Source : www.csam-asam.org/methadoMethadone
- NIH Consensus Statement on the Effective Medical Treatment of Opiate Addiction
- CSAM Letter to Drug Court Judges on Methadone
Methadone treatment for narcotic addiction was originally researched during the 1960’s. In the intervening 40 years, methadone has come to be recognized as the standard care for opiate addiction. Detoxifications and drug free modalities, although appealing to an understandable desire for recovery without medications, produces only 5-10% success rate. Methadone maintenance is associated with success rates ranging from 60 – 90%. The longer the people are in this modality the greater their chances are of achieving stable long-term abstinence.
A recently completed 33-year follow-up of California heroin addicts recruited from the California prison system in the 1960’s revealed that, of the 600 original participants, half are now dead. Only ten percent of the original cohort had established a stable abstinence.
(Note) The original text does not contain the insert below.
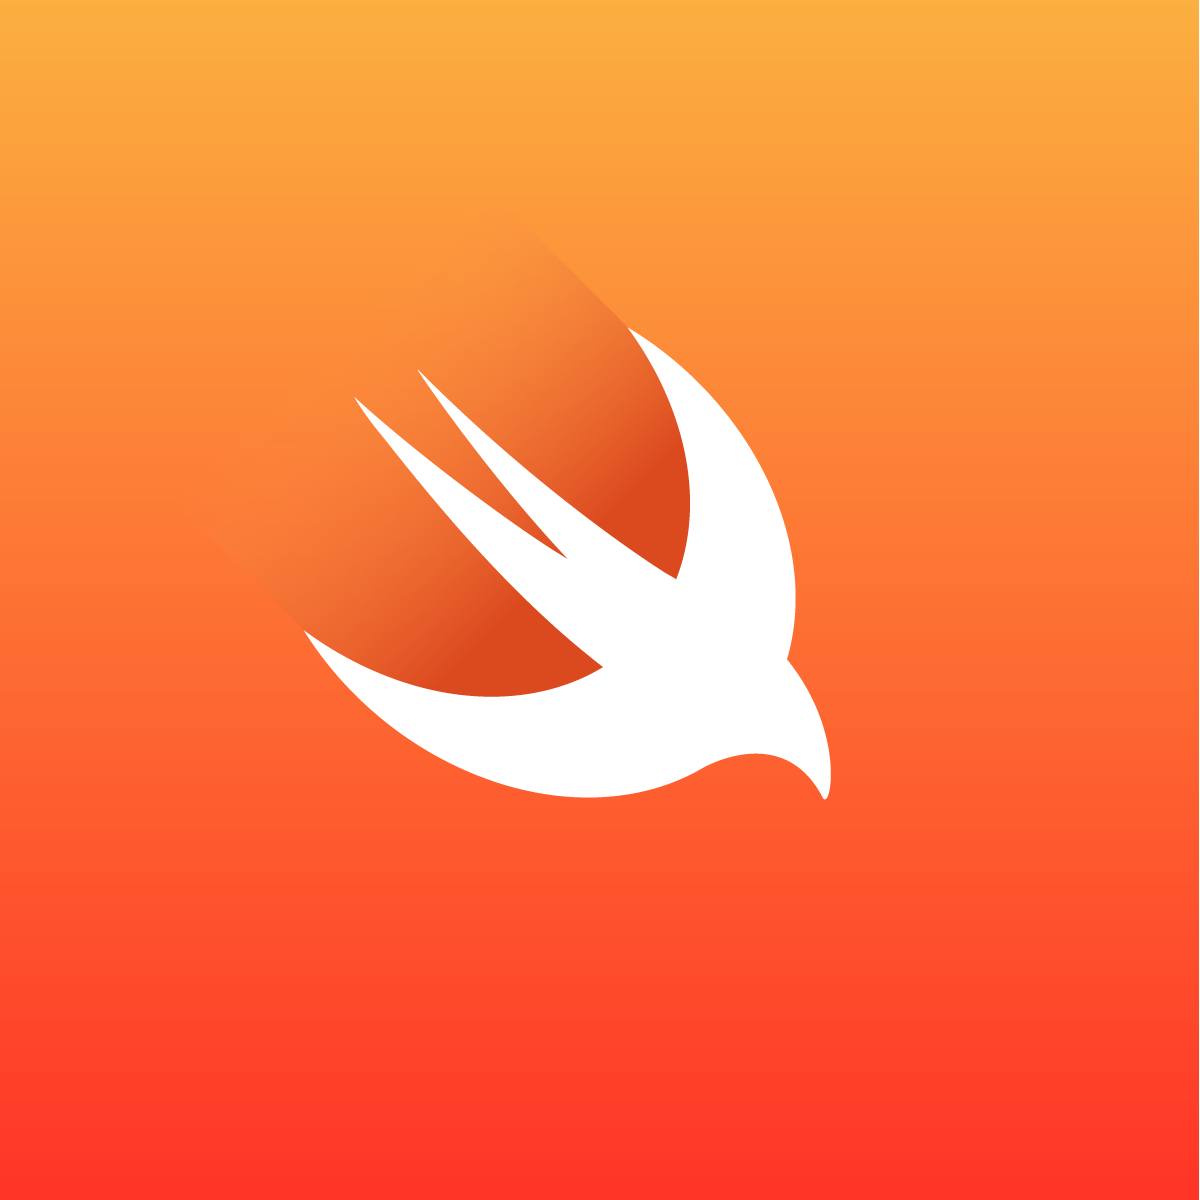 Swift programming language - Bluebird
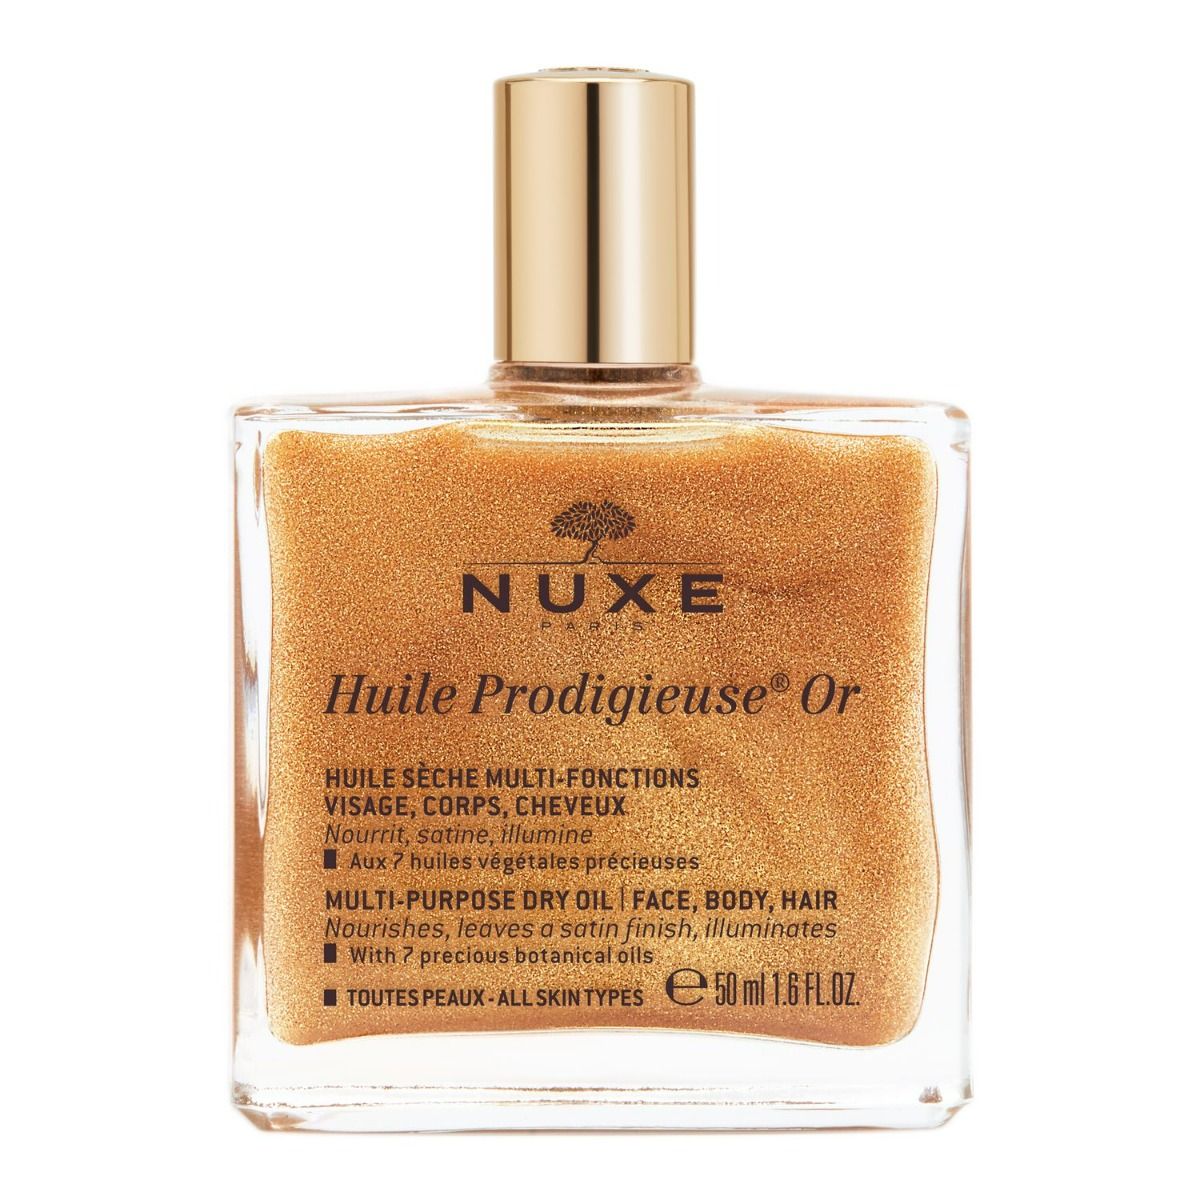 Nuxe Huile Prodigieuse Or масло для лица, тела и волос, 50 ml nuxe цветочное сухое масло huile prodigieuse florale 50 мл nuxe prodigieuse

Very few had any exposure to methadone maintenance. This study points up the problems with our current approach to opiate addiction, with a misplaced emphasis on incarceration, detoxification, and drug-free modalities.
In California, methadone maintenance was specifically mentioned in Proposition 36 as one of the approved treatment modalities. However, we have had very poor incorporation of methadone into the mix of treatment programs throughout the state. Bias against methadone in many jurisdictions has resulted in dismal recovery rates for heroin addicts in drug court programs. This undermines the credibility of drug courts and wastes resources on ineffective treatments.
Anti-methadone biases relate largely to ignorance of the phenomenon of tolerance which eliminates any euphoric effects from daily methadone doses. Patients do not get high. Also, there is lack of understanding of the changes in brain chemistry that occur after chronic exposure to opiates. These changes result in abnormalities of brain physiologic functioning that have been shown to persist for years after detoxification and are felt to be the cause of the extremely high relapse rate associated with non-methadone treatments of narcotic addiction.
Buprenorphine is now approved for the treatment of narcotic addiction and physicians can use it outside of the methadone system. It is as effective as methadone, but we need to work out a funding mechanism that will allow patients to take advantage of the opportunity to receive addiction care through private physicians.
Governor Wilson’s study of drug treatment outcomes in the 1980’s documented that methadone saved the taxpayers $12 for every $1 spent. Failure to engage more opiate addicts in methadone treatment has tremendous adverse consequences, both for public health and safety. The UCLA study documented repeated incarcerations, and deaths due to accidents, infections, and violence that could have been prevented by a more aggressive use of methadone.
We must continue to educate the legislature as well as the criminal justice community on the medical nature of narcotic addiction, on the effectiveness of treatment, and the cost savings associated with using this important modality.